You have just imported a data set, `x_kdd`, with 48K rows. The dataset was collected by by MIT Lincoln Labs in 1999, by operating a LAN-network as usual and additionally carrying out various attacks. This specific dataset (which is a subset of the original dataset) has "normal" traffic as inlier class, and several attacks (buffer_overflow, ftp_write, imap, ...) as outlier class. Although this data does not represent payment fraud, it is relevant because of the mixed data type.

The goal of the challenge is for you to tell which rows are the outliers, i.e. which rows correspond to network attacks.

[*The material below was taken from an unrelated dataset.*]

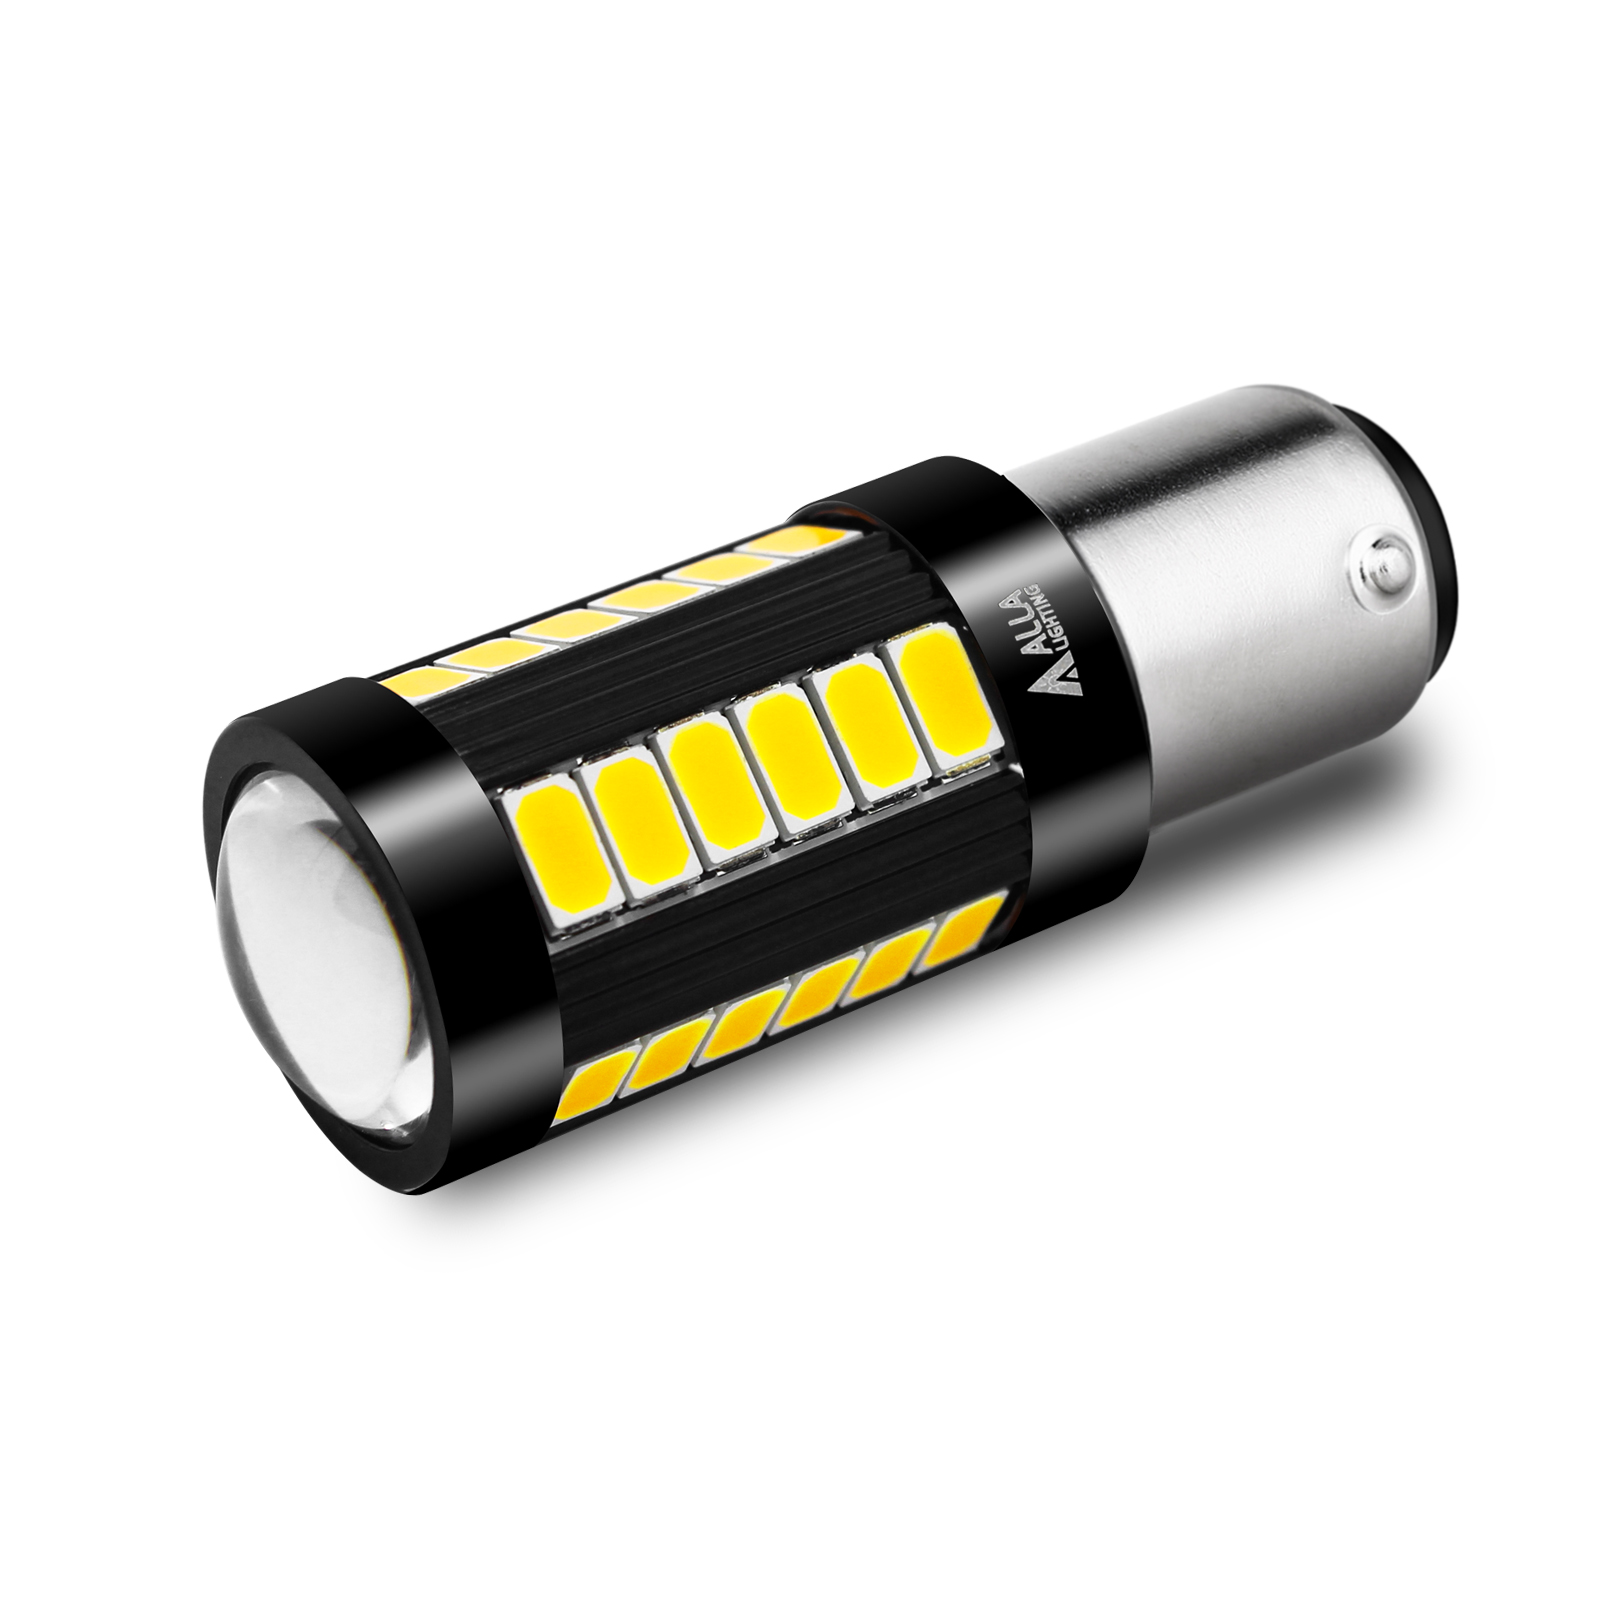 Automotive LED Front Side Marker Light for cars, trucks

There are no labels available. The target is to predict as many true positives as possible and as few false positives as possible, with the following weights:

- Each true positive reported yields **500** points
- Each false positive reported costs **25** points

You submit your prediction (the indices of the rows that you think are outliers) to a server by means of of some code discussed below. The server will provide feedback: it will tell you which rows are actually outliers and which ones are not.

**Hints**
- proceed iteratively! Submit a few points, learn based on the feedback of the server, then submit a few more points, etc..
- only submit points that you think are positives!! Just submitting all points, or random points, will not get you a good score :)
- the fraction of positives is less than 1%. Random guessing to gather labels is therefore unlikely to pay off. 
- given the limited time available for the workshop, we have already cleaned the data for you. If you rather do the cleaning yourself, set `dataset_path = 'x_kdd.csv'` in the cell above

## Your Outlier detection code

In [None]:
# Your code goes here!!
# by using one or more than one method, you will estimate a vector of scores, like this


from pyod.models.iforest import IForest

ifo = IForest(n_estimators=1000, max_samples=1024, random_state=1, contamination=0.01, behaviour='new')
ifo.fit(x)
# get the outlier scores of the data
scores_ifo = ifo.decision_scores_  # raw outlier scores

In [None]:
plt.plot(sorted(scores_ifo)[::-1])

## Example of a submission process

Given the `scores` array, you may want to submit for example the indices of the N points that have the highest score. You can use this helper function to calculate these indices:

In [None]:
def get_top_N_indices(scores, N=100):
    """ Helper function. Returns the indices of the points with the top N highest outlier scores
    """
    return np.argsort(scores)[::-1][:N]

In [None]:
indices_submission = get_top_N_indices(scores_ifo, N=40)
indices_submission

For the example `score` vector `scores_example = np.array([5.23, 4.12, 1.45, 7.23, 19.2, 2.23])`, the N=2 highest scoring points are at indices 4 and 3 in the original table, captured in the `indices_submission` vector above

## API submission

Submit your predictions to the API with the `LabelSubmitter` class. 
This class has two useful methods:
- with `.post_predictions()` you submit the indices of the estimated outliers. Submitting more than once the same index has no additional effect on your score 
- with `.get_labels()` you retrieve the label (1 for outliers and 0 for inliers) of all previously submitted indices

In [None]:
username='your_user_name'
password = getpass.getpass()
if not ('server' in locals() and server.jwt_token): #only if no labelsubmitter with .jwt_token is available
    server = LabelSubmitter(username=username,
                       password=password,
                       url=API_URL)

Use the parameter `endpoint='kdd'` option for this challenge. 

In [None]:
server.post_predictions(idx=indices_submission, endpoint='kdd')

In [None]:
labels = server.get_labels(endpoint='kdd')
labels